測定の基礎
レーザ安全規格とクラス分類について

レーザ製品に対しては、使用者への傷害を防止するための安全規格が設けられています。
「IEC 60825-1」はレーザ製品に関する国際規格であり、IEC加盟国に共通の安全基準となっています。
* IEC = International Electrotechnical Commission (国際電気標準)
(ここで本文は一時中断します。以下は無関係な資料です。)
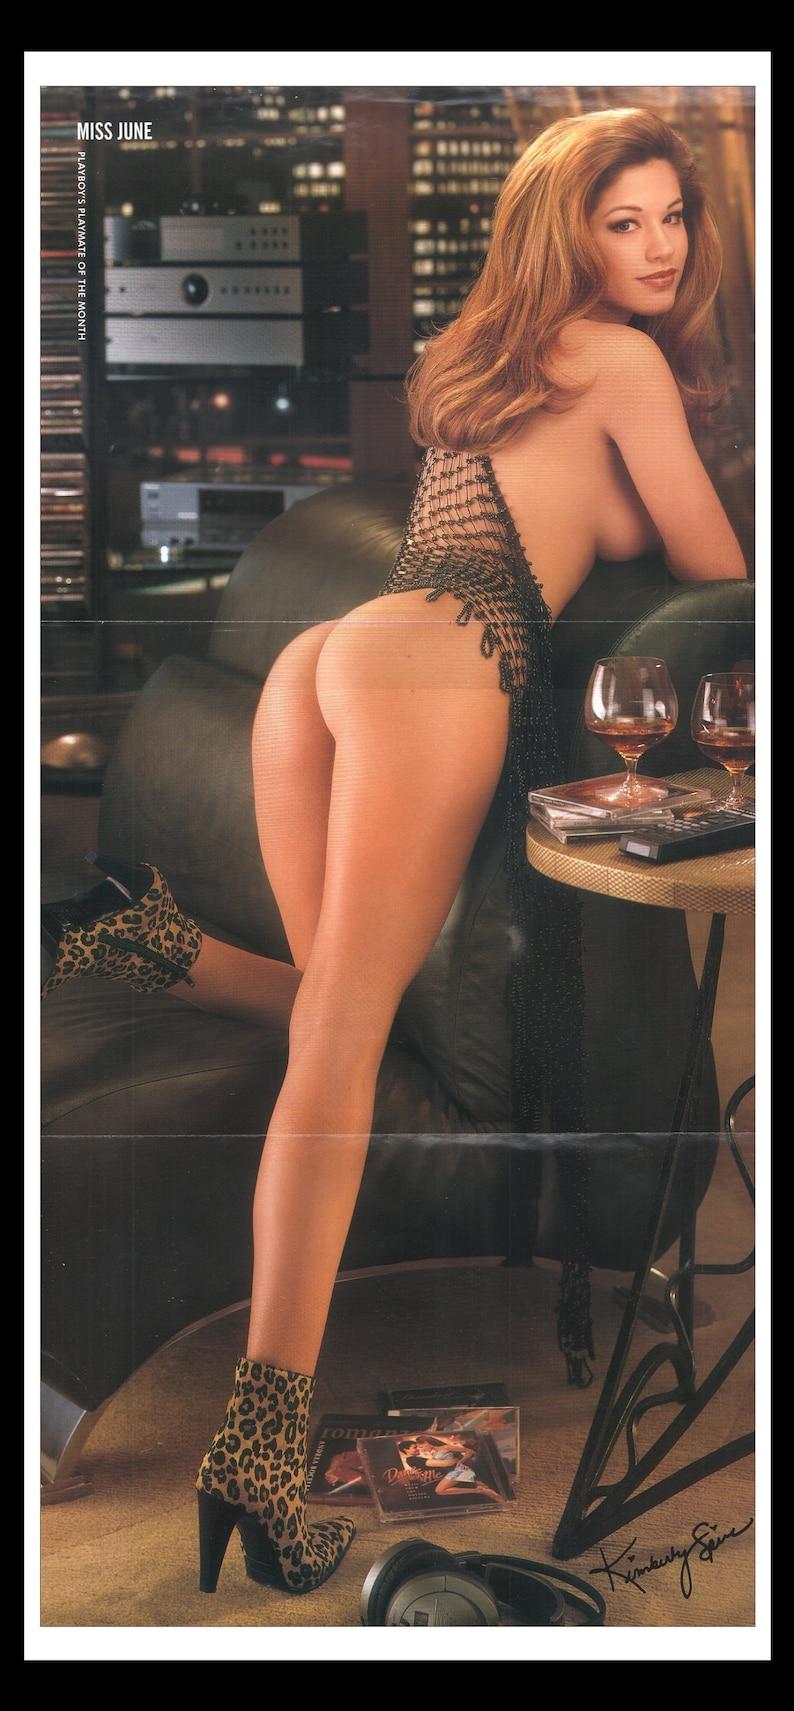 Tanga girl and boobs

日本では「JIS C 6802」が規定されています。これは、IEC 60825-1を日本工業規格が翻訳したものであり、この規格に準拠していれば世界に共通の安全基準を満たしていると言えます。
レーザの波長や強さに応じた安全策、危険表示ラベルの表示内容などが規定されています。

レーザ製品の安全基準

「JIS C 6802」によるレーザ製品の安全基準は以下のとおりです。危険度に応じたクラス分けがなされています。

レーザクラス クラスの位置付け
クラス1 直接ビーム内観察を長時間行っても、またそのとき、観察用光学器具(ルーペ又は双眼鏡)を用いても安全であるレーザ製品。
クラス1M 裸眼(光学器具を用いない)で、直接ビーム内観察を長時間行っても安全であるレーザ製品。光学器具(ルーペ又は双眼鏡)を用いて観察すると、露光による目の障害が生じる可能性がある。
クラス1Mレーザの波長領域は、302.5nm~4000nmの間に限られている。
クラス2 400nm~700nmの波長範囲の可視光を放出するレーザ製品であって、瞬間的な被ばくのときは安全であるが、意図的にビーム内を凝視すると危険なレーザ製品。
光学器具を用いても目に障害が生じるリスクは増加しない。
クラス2M 可視のレーザビームを出射するレーザ製品であって、(光学器具を用いない)裸眼に対してだけ短時間の被ばくが安全なレーザ製品。
光学器具(ルーペ又は双眼鏡)を用いて観察すると、露光による目の障害が生じる可能性がある。
クラス3R

直接のビーム内観察を行うと、目に障害が生じる可能性があるが、そのリスクが比較的小さいレーザ製品。
目に障害が生じるリスクは露光時間とともに増大し、また意図的に目に露光することは危険である。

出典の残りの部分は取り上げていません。